▸ What the exercise asks
Would you repeat the listing below verbatim and drop the images?

··· Stored data

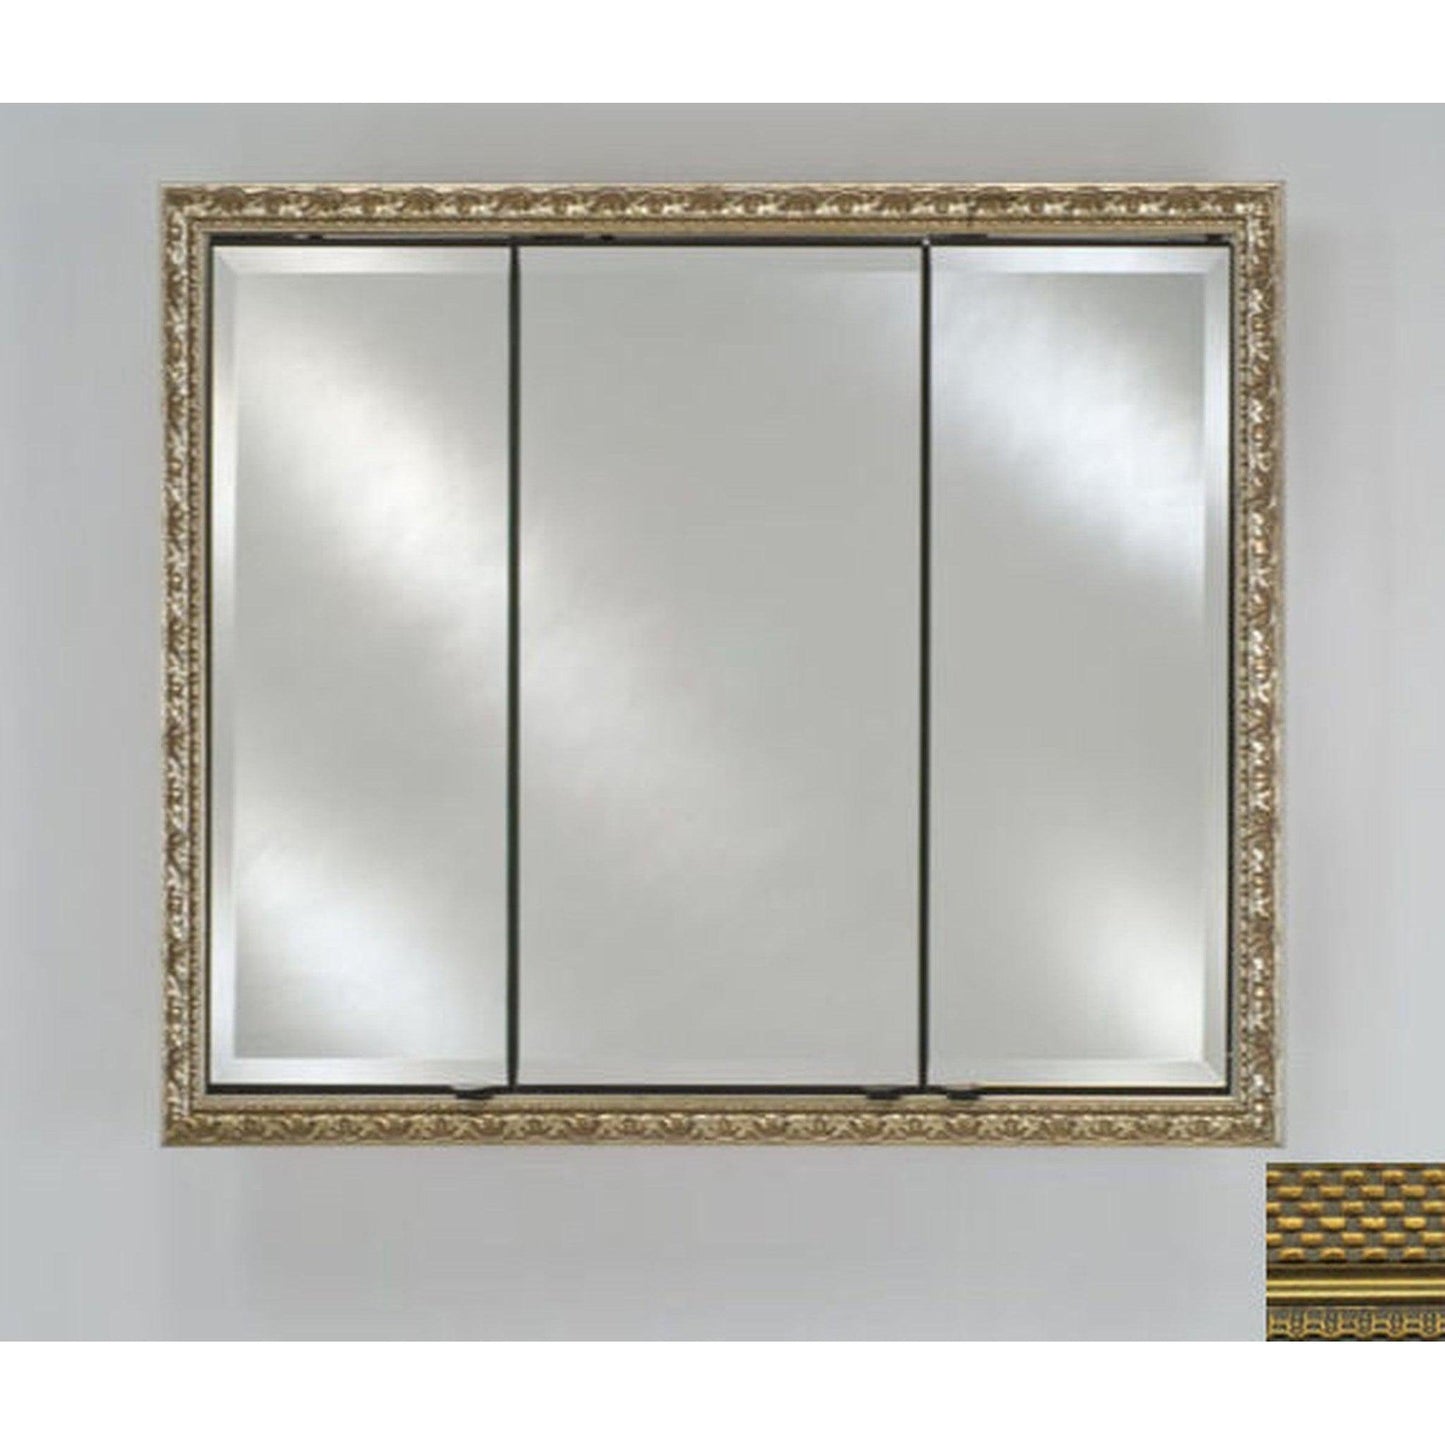 Afina Signature 44" x 30" Elegance Antique Gold Recessed Triple Door Medicine Cabinet With Beveled Edge Mirror
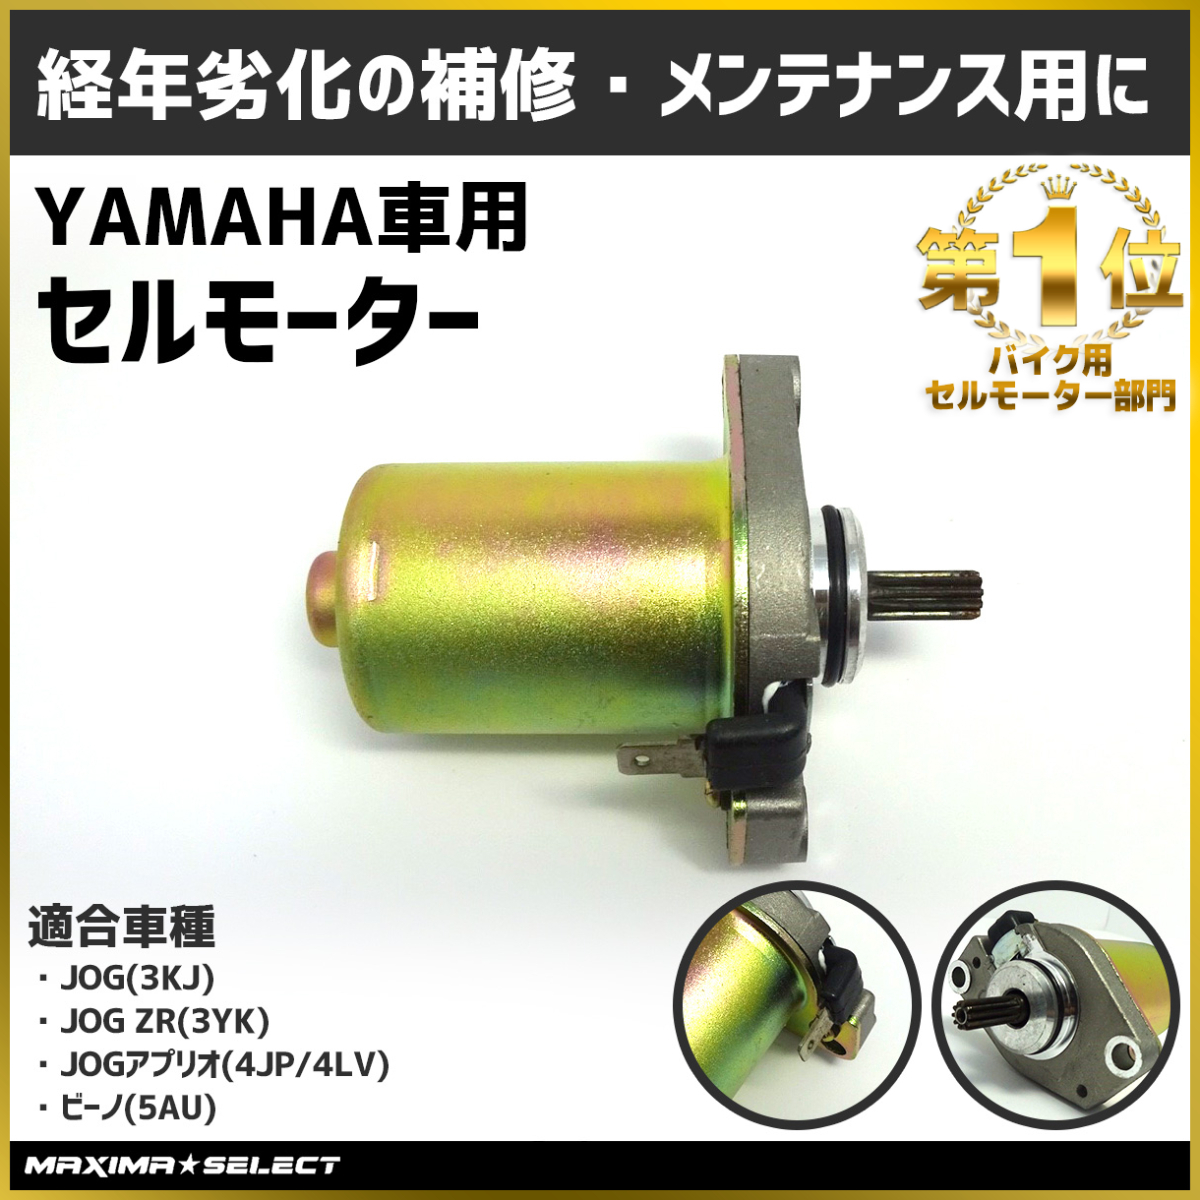  мотоцикл YAMAHA стартерный двигатель Yamaha Aprio Vino Jog техническое обслуживание двигатель детали стартерный двигатель оригинальный такой же детали пусковой двигатель -
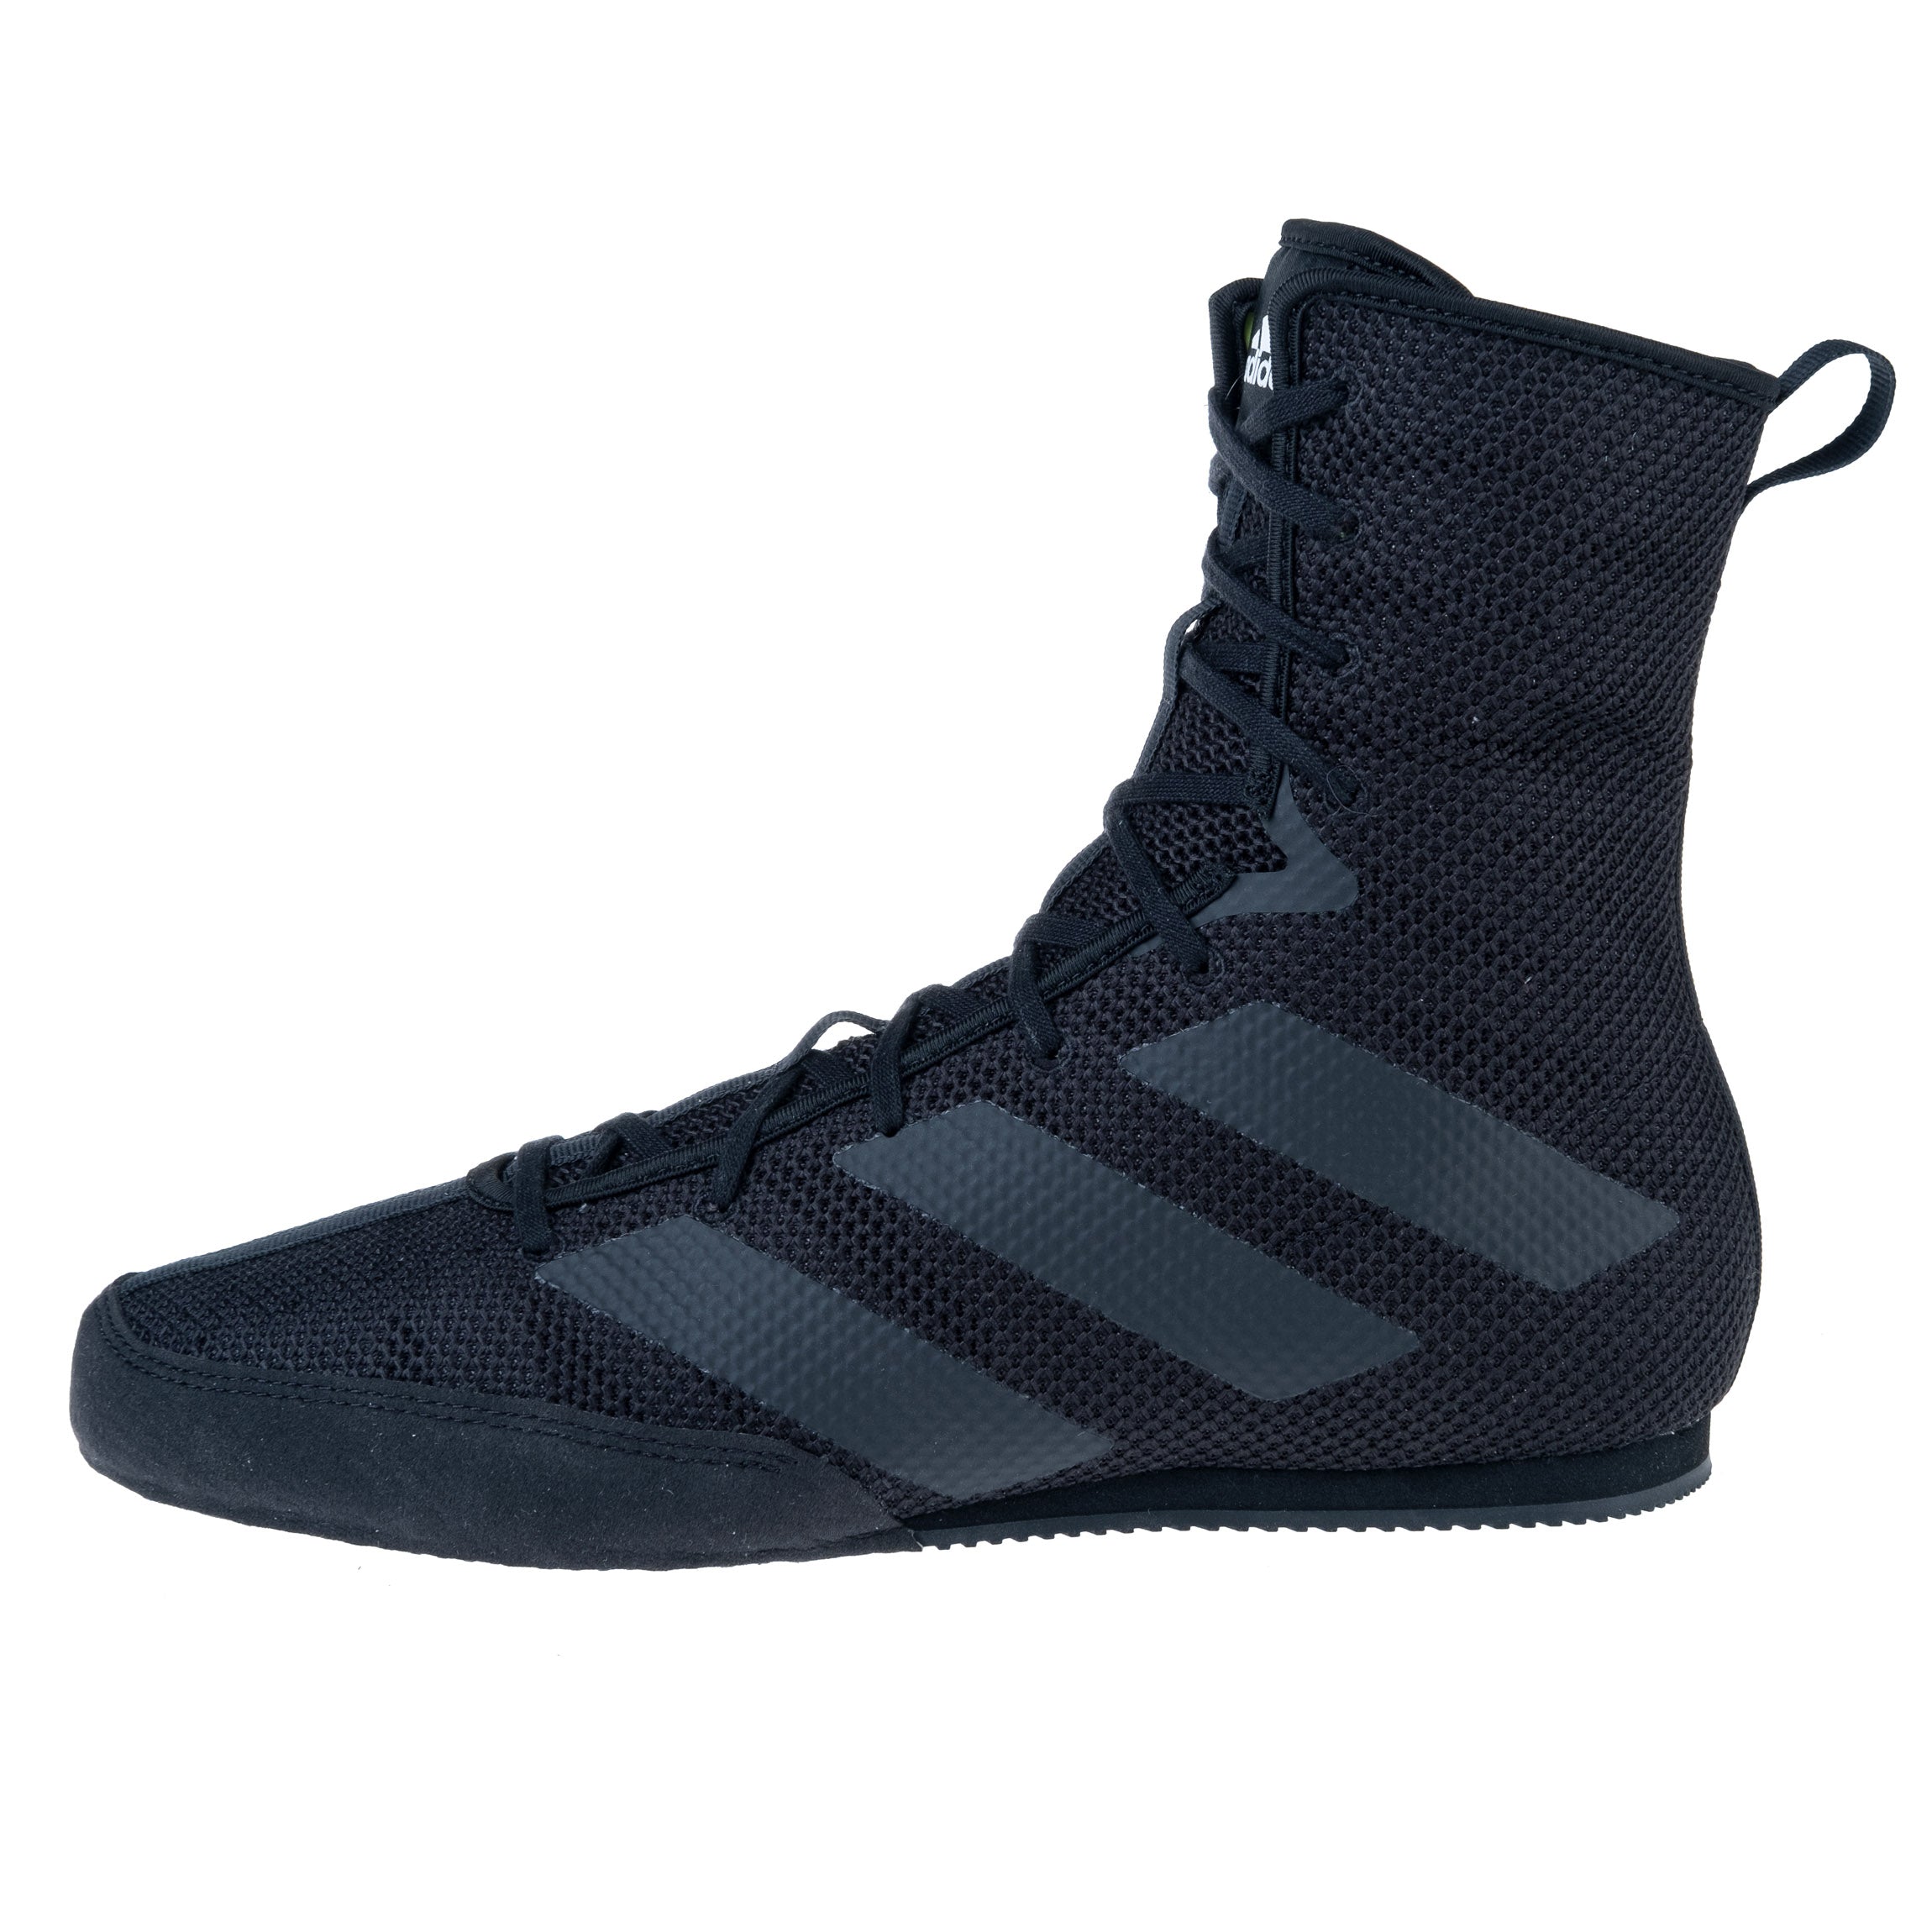 Boxing Shoes adidas Box Hog 3 - black, F99921

······

▸ Exercise response
 Afina Signature 44" x 30" Elegance Antique Gold Recessed Triple Door Medicine Cabinet With Beveled Edge Mirror
  мотоцикл YAMAHA стартерный двигатель Yamaha Aprio Vino Jog техническое обслуживание двигатель детали стартерный двигатель оригинальный такой же детали пусковой двигатель -
 Boxing Shoes adidas Box Hog 3 - black, F99921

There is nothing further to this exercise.